На утеплитель для защиты от комаров и мух обычно навешивались закрывающие окна марлевые сетки. И вот эти паутинные сетки и спасли положение. Несмотря на свою слабость, нежестко закрепленная марля самортизировала и не порвалась от удара тяжелой, но тупой гранаты.

После удара о сеть, граната съехала по сукну вниз к противоливневой насыпи и закатилась под застланный досками пол.

Если бы Ф-1, с радиусом поражения в двести метров, влетела в палатку, то у шестидесяти вояк, неспешно толкущихся на площади пять на двадцать метров, не осталось бы никаких шансов на спасение. Тем более что ни один из них не обратил никакого внимания на непонятный щелчок, неожиданно прозвучавший в палатке.

Взрывную волну и осколки рванувшей в яме гранаты приняли на себя земляная насыпь и доски пола. И только два человека, находившиеся над эпицентром взрыва, получили ранения. Дембеля, все еще нежившегося после сна на койке, спасла любовь к комфорту: вместо одного поролонового солдатского матраца он предпочитал два ватных офицерских. Поэтому более ста восьмидесяти осколков, которыми его нашпиговало, словно рябчика бекасином от затылка до пят влезли в утомленного войной деда не глубже, чем на пять-семь миллиметров. А вот сержанту, устроившему Саше в первый день радушный прием, повезло меньше. Одна «железяка» навылет пробила мякоть предплечья, второй осколок застрял в расколотом ребре, а третий — рассек бровь и оцарапал кости черепа.

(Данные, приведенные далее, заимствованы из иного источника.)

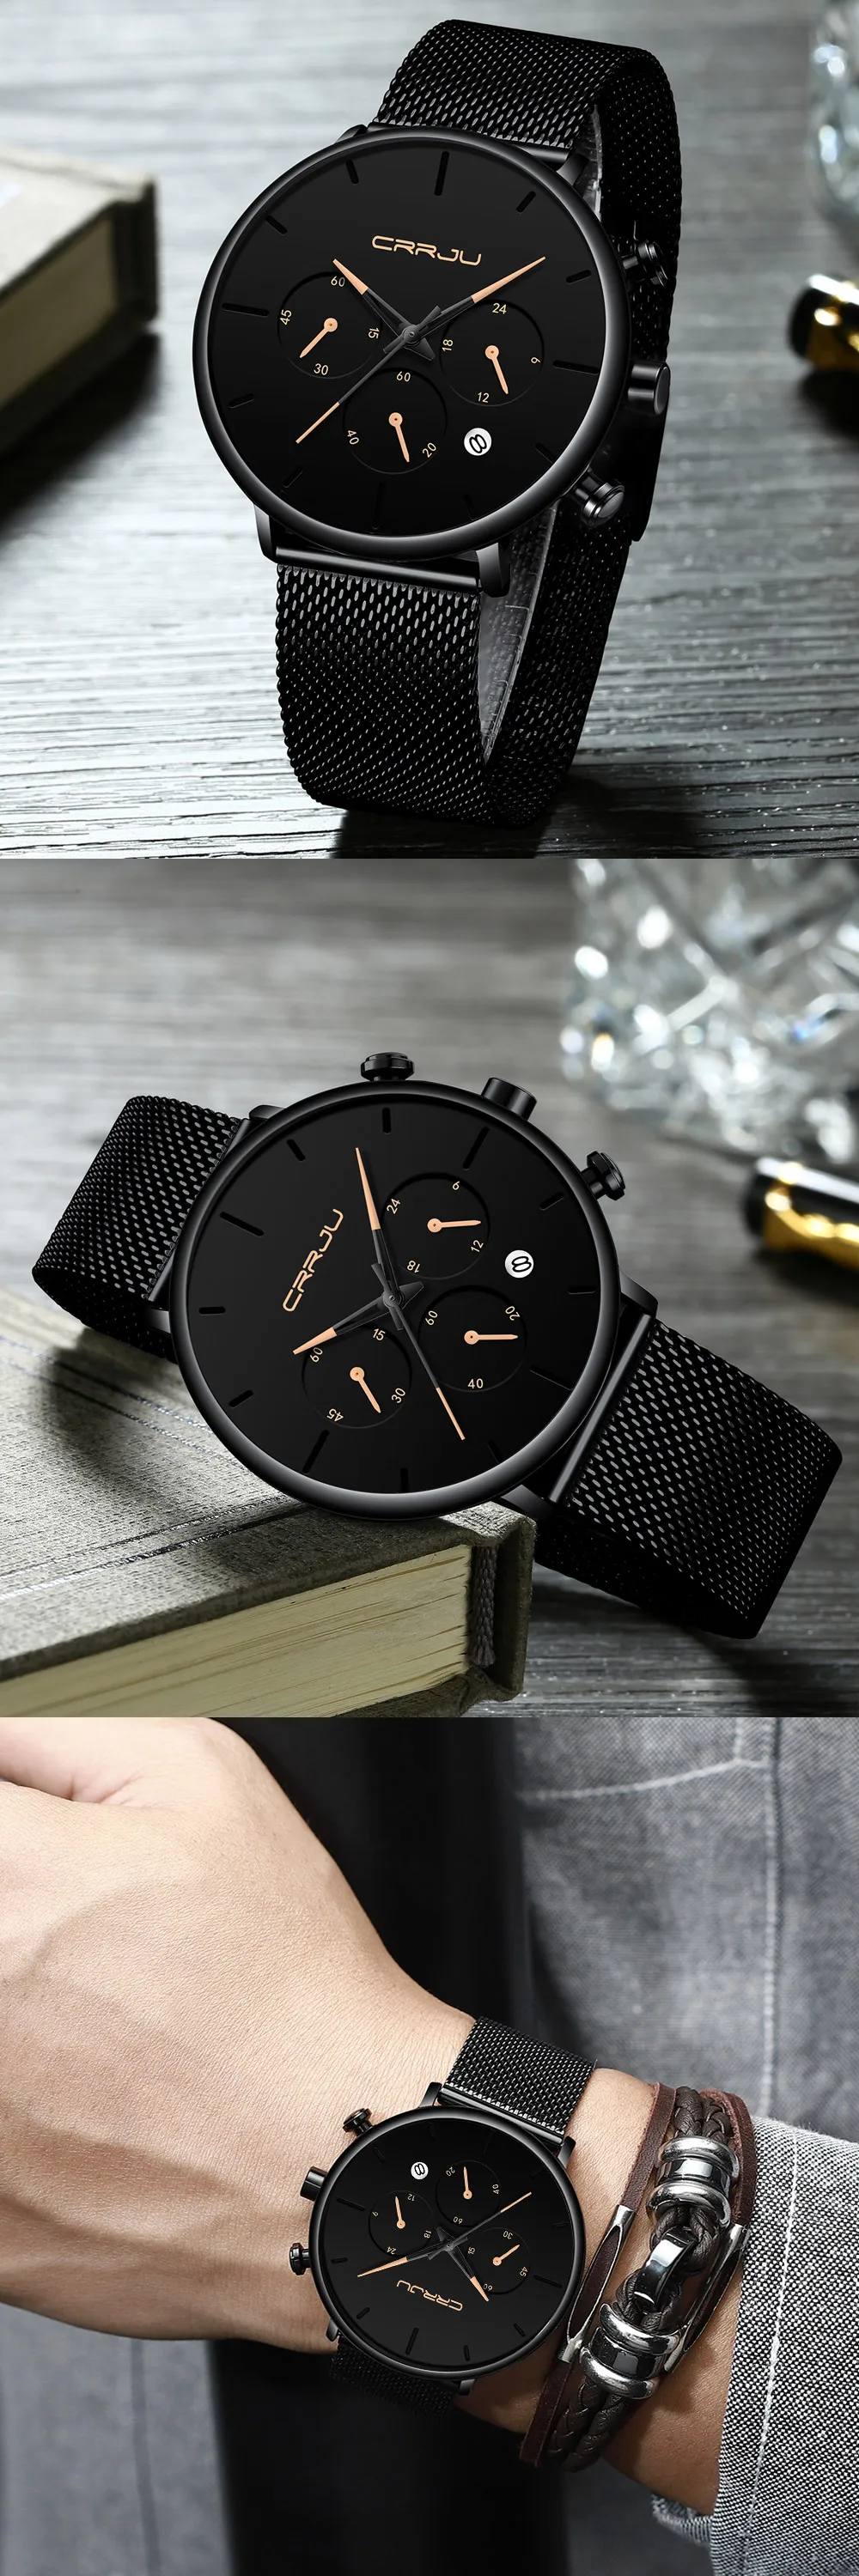 Crrju спортивные мужские s часы Топ бренд класса люкс водонепроницаемые спортивные часы для мужчин ультра тонкий циферблат Кварцевые часы повседневное Relogio Masculino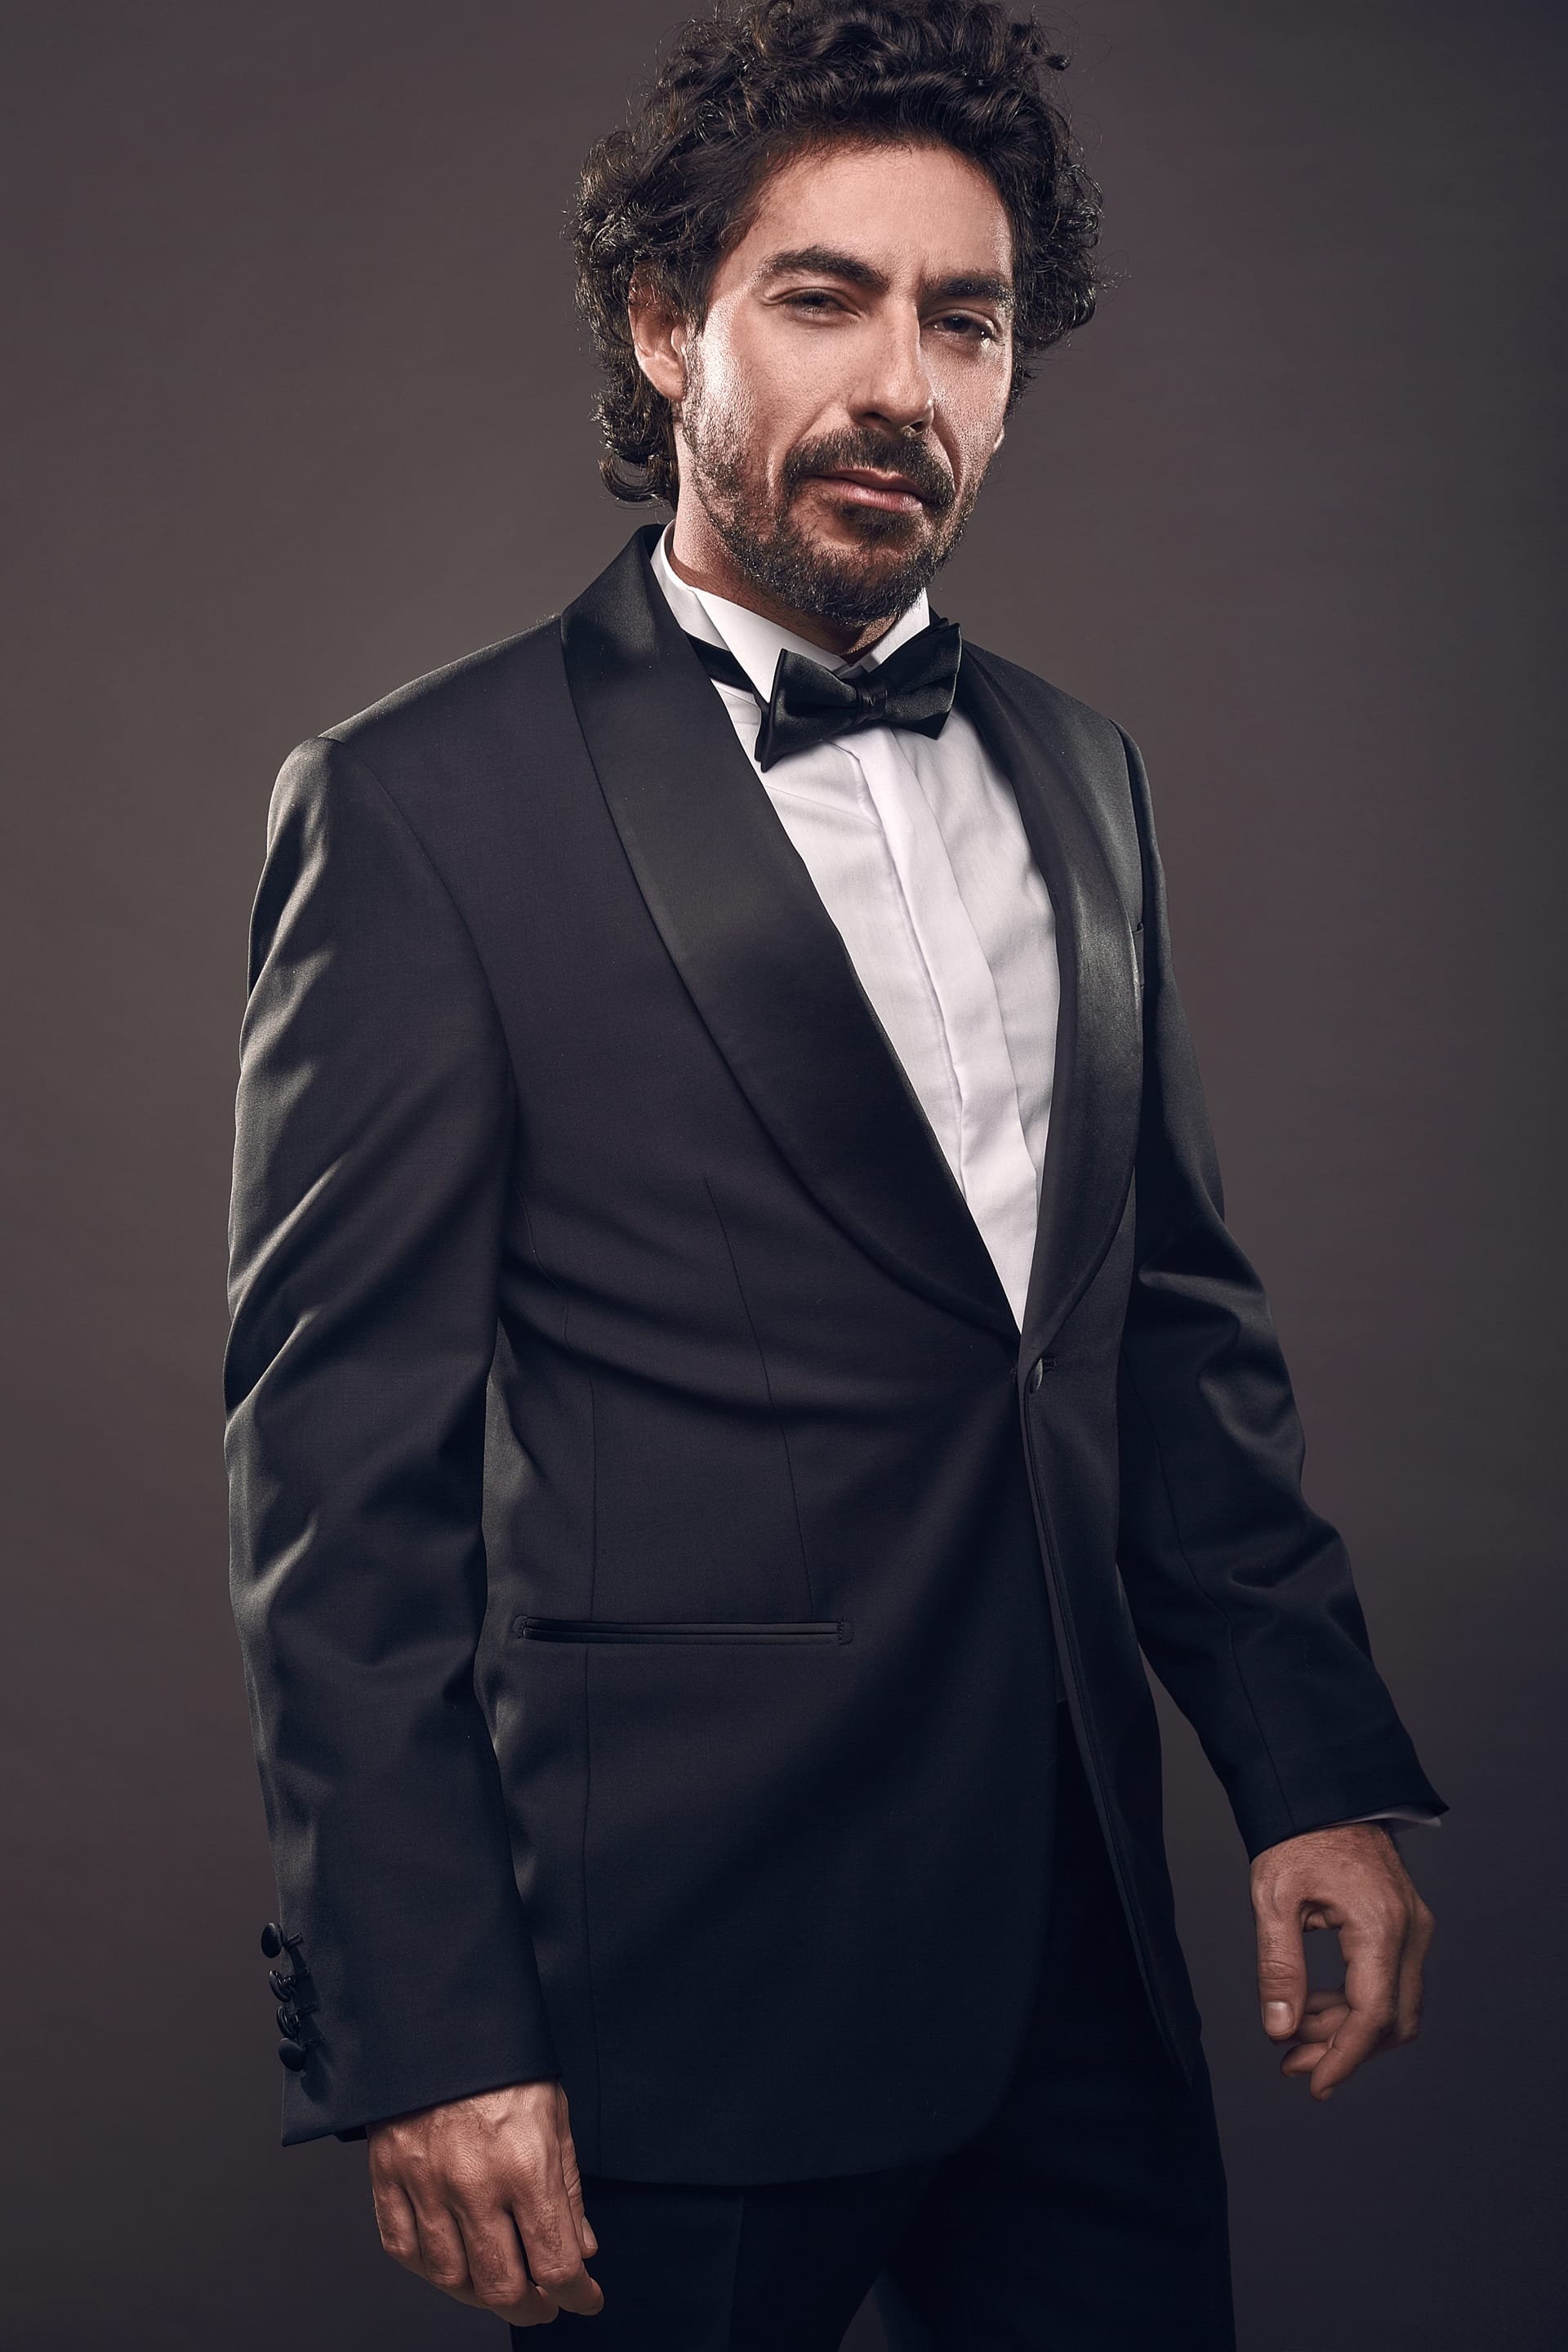 Portrait elegant brutal fashion man suit guy profile picture

Был еще один раненый — дневальный разведроты. Шальной осколочек воткнулся в голень, но он из-за такого пустяка даже не пошел на перевязку. А возможно, на санчасть просто не хватило времени — его, вместе с остальными предполагаемыми свидетелями, через двадцать минут увели в особый отдел.

Глава 18

Если для командира полка утренний инцидент был неприятным происшествием, бросающим тень на состояние дисциплины в части, то для начальника особого отдела это был шанс, упустить который было не только глупо, но и попросту смешно. И он упускать его не собирался, сработал быстро и оперативно. День-два на определение всех прямых и косвенных виновников ЧП, еще пару суток на отчеты и докладные записки — и можно не только смело ожидать поощрения за успешно проведенное дознание, но и заметно усилить свое влияние на штаб и политотдел восемьсот шестидесятого отдельного мотострелкового: теракт все же — дело нешуточное.

К вечеру, еще не окончив опрос всех, так или иначе причастных к делу лиц, умудренный долгой службой и богатым опытом проницательный майор уже знал, КТО кинул гранату. Кроме него это не было тайной еще для двух человек — самого щенка «гранатометчика» и этого засранца, залетчика-дневального четвертой роты — единственного из всех, кто среагировал на хлопок еще до того, как раздался взрыв.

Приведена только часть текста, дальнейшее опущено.